В Польше как всегда царил бардак. Сильно потерпевшие от погрома, учинённого разноплемёнными ордами в прошлом году, области юга страдали от голода, а на севере паны жили в своё удовольствие, то и дело затевая разборки с применением оружия. Попытка быстро соединить шляхетское ополчение с новосозданной кварцяной армией королю не удалась.
Собственно королевская армия была как никогда большой и сильной. Двадцать тысяч конницы, из них треть — гусария, радовали глаз и душу. Правда, качество восстановленных гусарских рот очень заметно уступало прошлым годам. Да и с конским составом появились проблемы, не везде успели укрыть табуны мощных и быстрых коней. Немалая часть гусар оседлала скакунов, подходивших скорее панцирным казакам, а последние так и вовсе на "почтовых" в войско явились.
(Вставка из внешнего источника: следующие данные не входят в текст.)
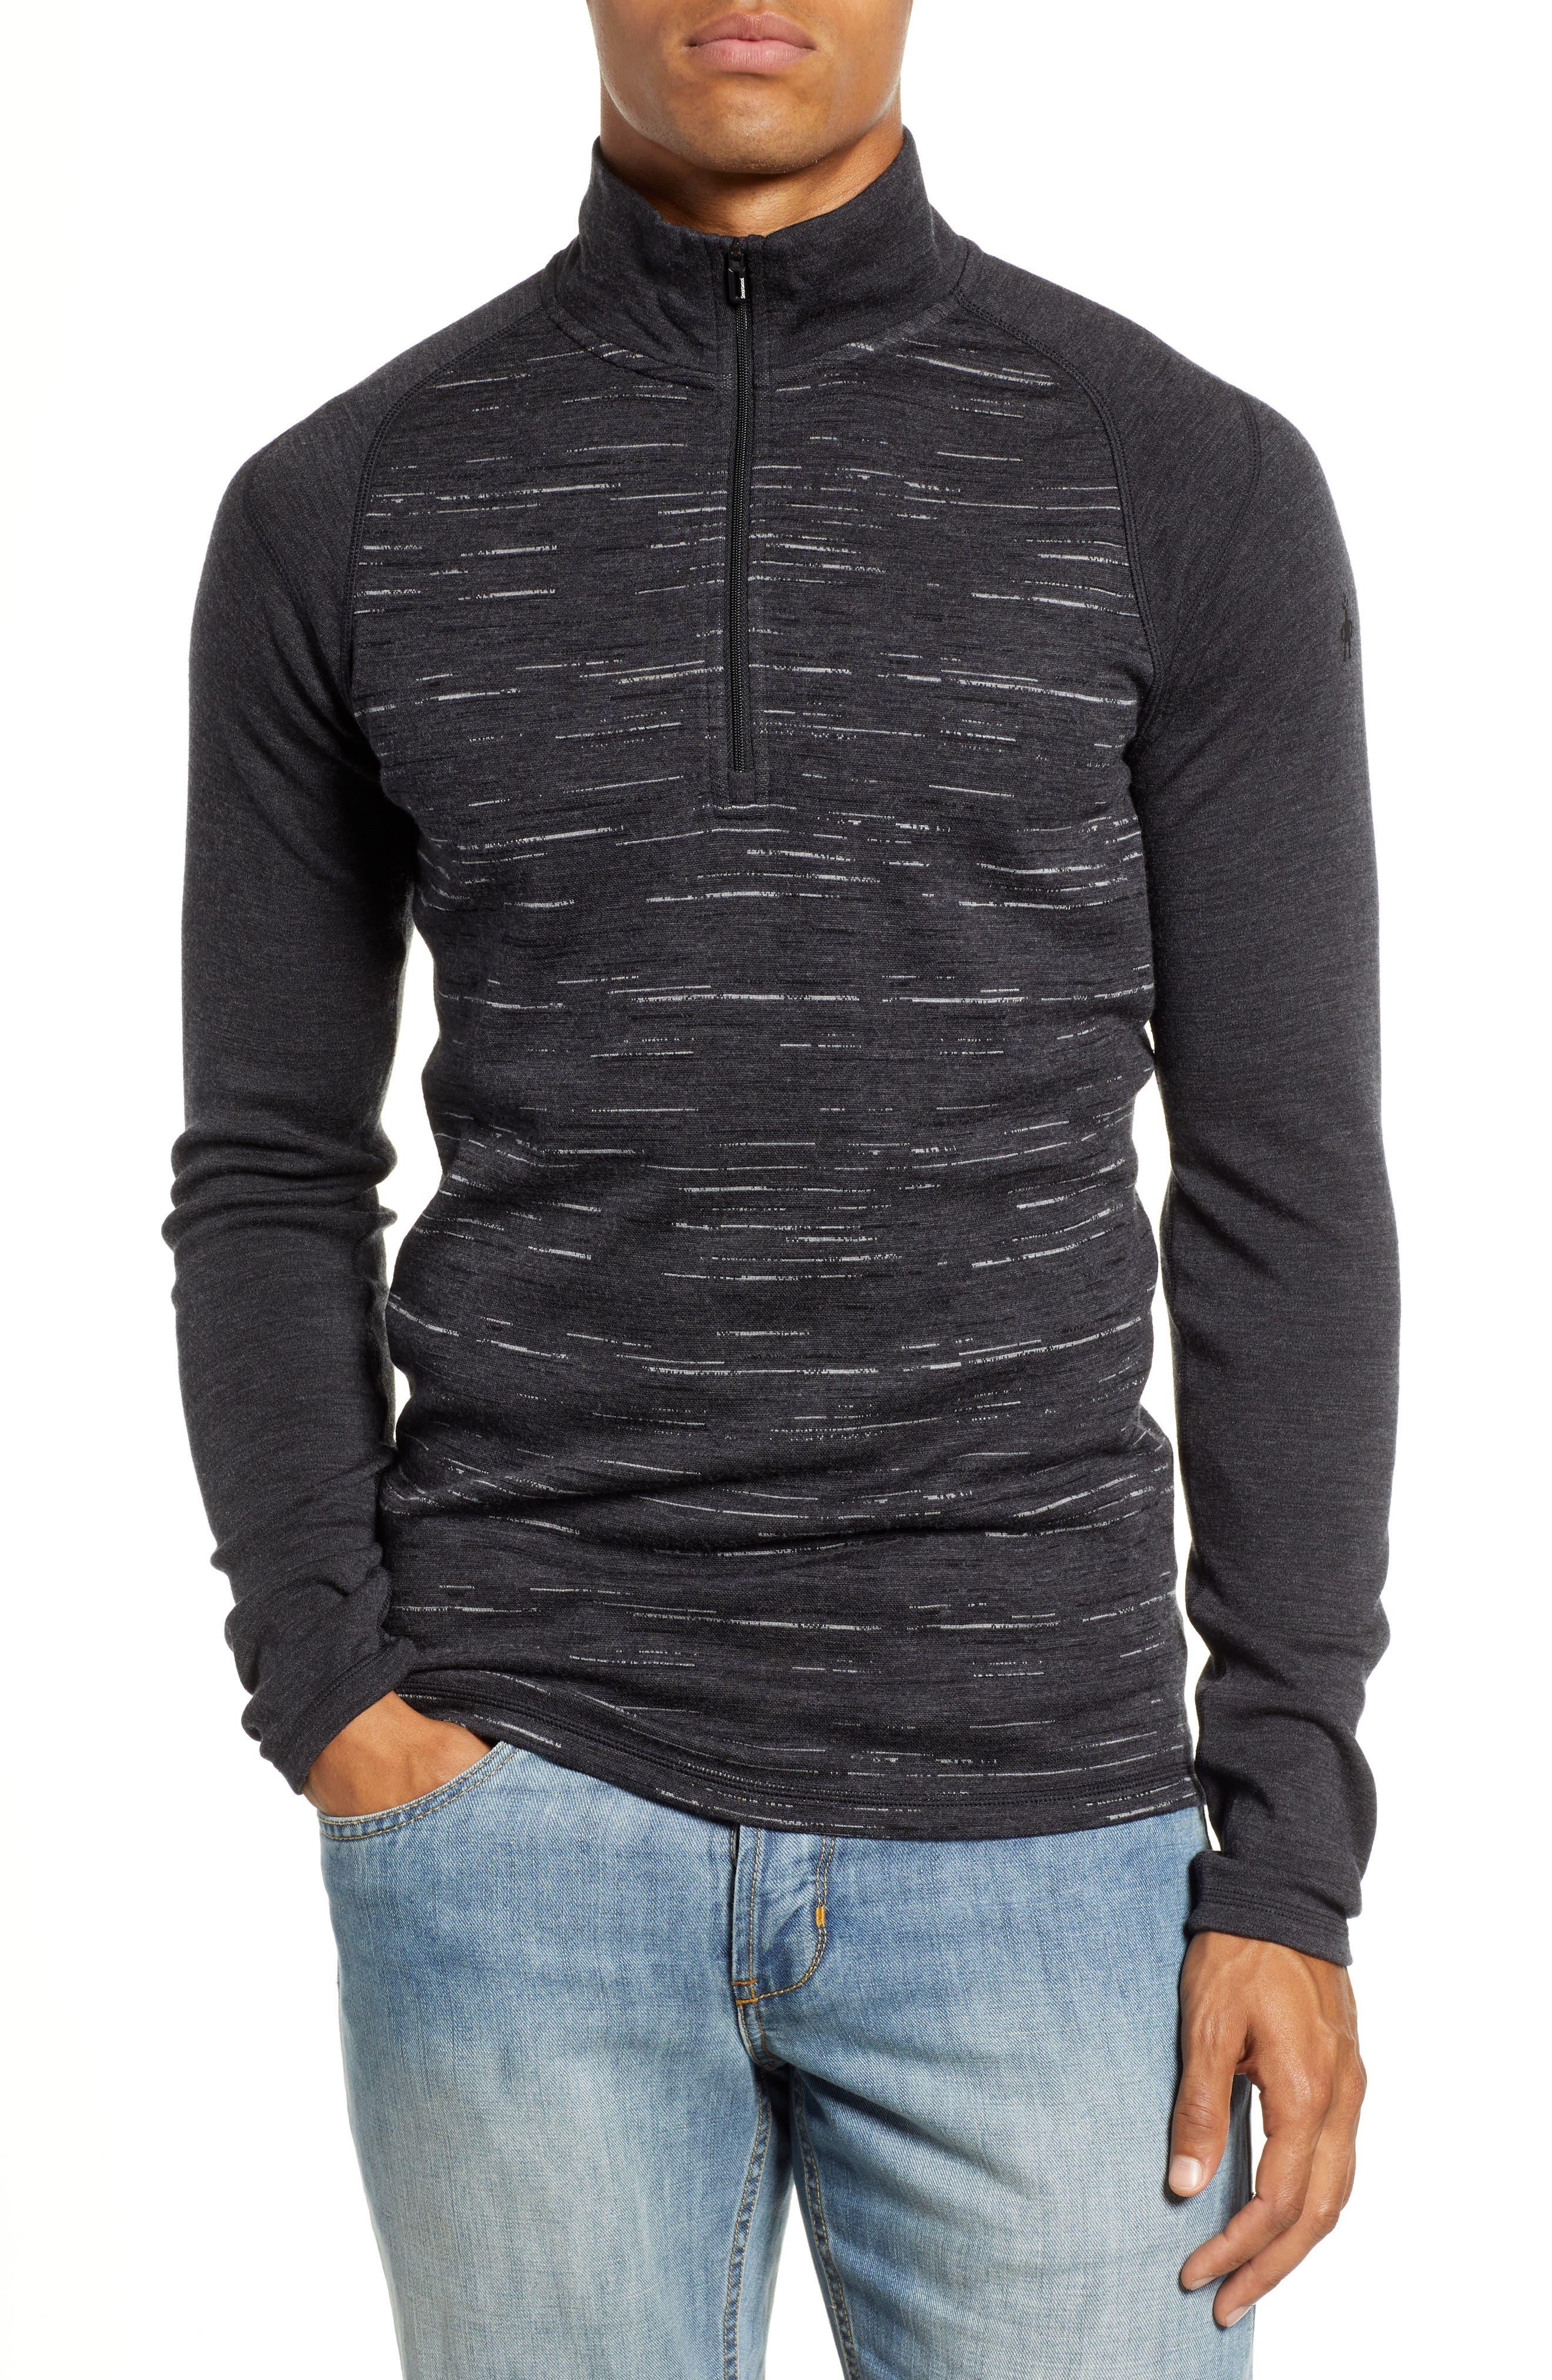 SMARTWOOL,                             Merino 250 Base Layer Pattern Quarter Zip Pullover,                             Main thumbnail 1, color,                             CHARCOAL/ BLACK

Тридцать тысяч наёмников, причём большей частью отборных, из Германии, все с боевым опытом, составили костяк пехоты. Но зная о численности войска Хмельницкого, подозревая, что союзники его силы удвоят, Владислав выступать в поход только со своей армией не мог. А воеводские ополчения с пристойной скоростью собирались разве что на юге страны, где жрать было нечего, спешили перейти на королевское довольствие. В центре, даже вокруг столицы, энтузиазм был меньшим, на севере он совсем угас.
Испугавшаяся было при виде бесчинствующих вражеских орд шляхта теперь — отстирав штаны и шаровары — вдруг вспомнила об опасности захвата реальной власти королём и главенстве шляхетской вольности над всем прочим. Здравым смыслом и разумом в том числе. Опять на сеймиках звучало "Не позволям!", снова слышались обвинения в адрес короля, озвучивались подозрения о его стремлении стать абсолютным монархом, вопреки принципу "Царствует, но не правит". Именно под этим поводом не пошла под начало Владислава часть шляхты. Чем дальше, тем яснее становилось, что собрать четвертьмиллионную армию не удастся. И, как прежде, откровенно слабой была артиллерия поляков. Зато величина обоза вырисовывалась как невероятно огромная. Ведь каждый шляхтич норовил прихватить с собой кучу челяди, тащил перины, ковры, дорогую посуду... многие телеги тащили по четыре или шесть лошадей, хватало и возов, тащимых волами. Полной аналогии с бардаком на колёсах не было только из-за отсутствия девок. Они по традиции следовали за войсковым обозом.
* * *
В мутной воде удобно ловить рыбу. Польский бардак давал возможность пограбить, не вводя войска. Прежде всего — за счёт фальшивомонетничества. К этому времени несколько мастерских выпускали не только польские злотые, но и германские талеры, французские ливры, и всё это выплёскивалось на рынки Польши и Литвы. Учитывая, что и магнаты там баловались подобным делом, экономике Речи Посполитой наносился огромный вред. Фальшивое серебро заполонило рынки. Люди теряли доверие к платёжным средствам, причём не только местным. В глазах окружающего мира именно Владислав и владетели местных монетных дворов становились виновными в ухудшении их собственных экономик. Это уже привело к охлаждению отношений польского короля с тестем, императором Фердинандом, а поддержка поляков из Франции прекратилась полностью.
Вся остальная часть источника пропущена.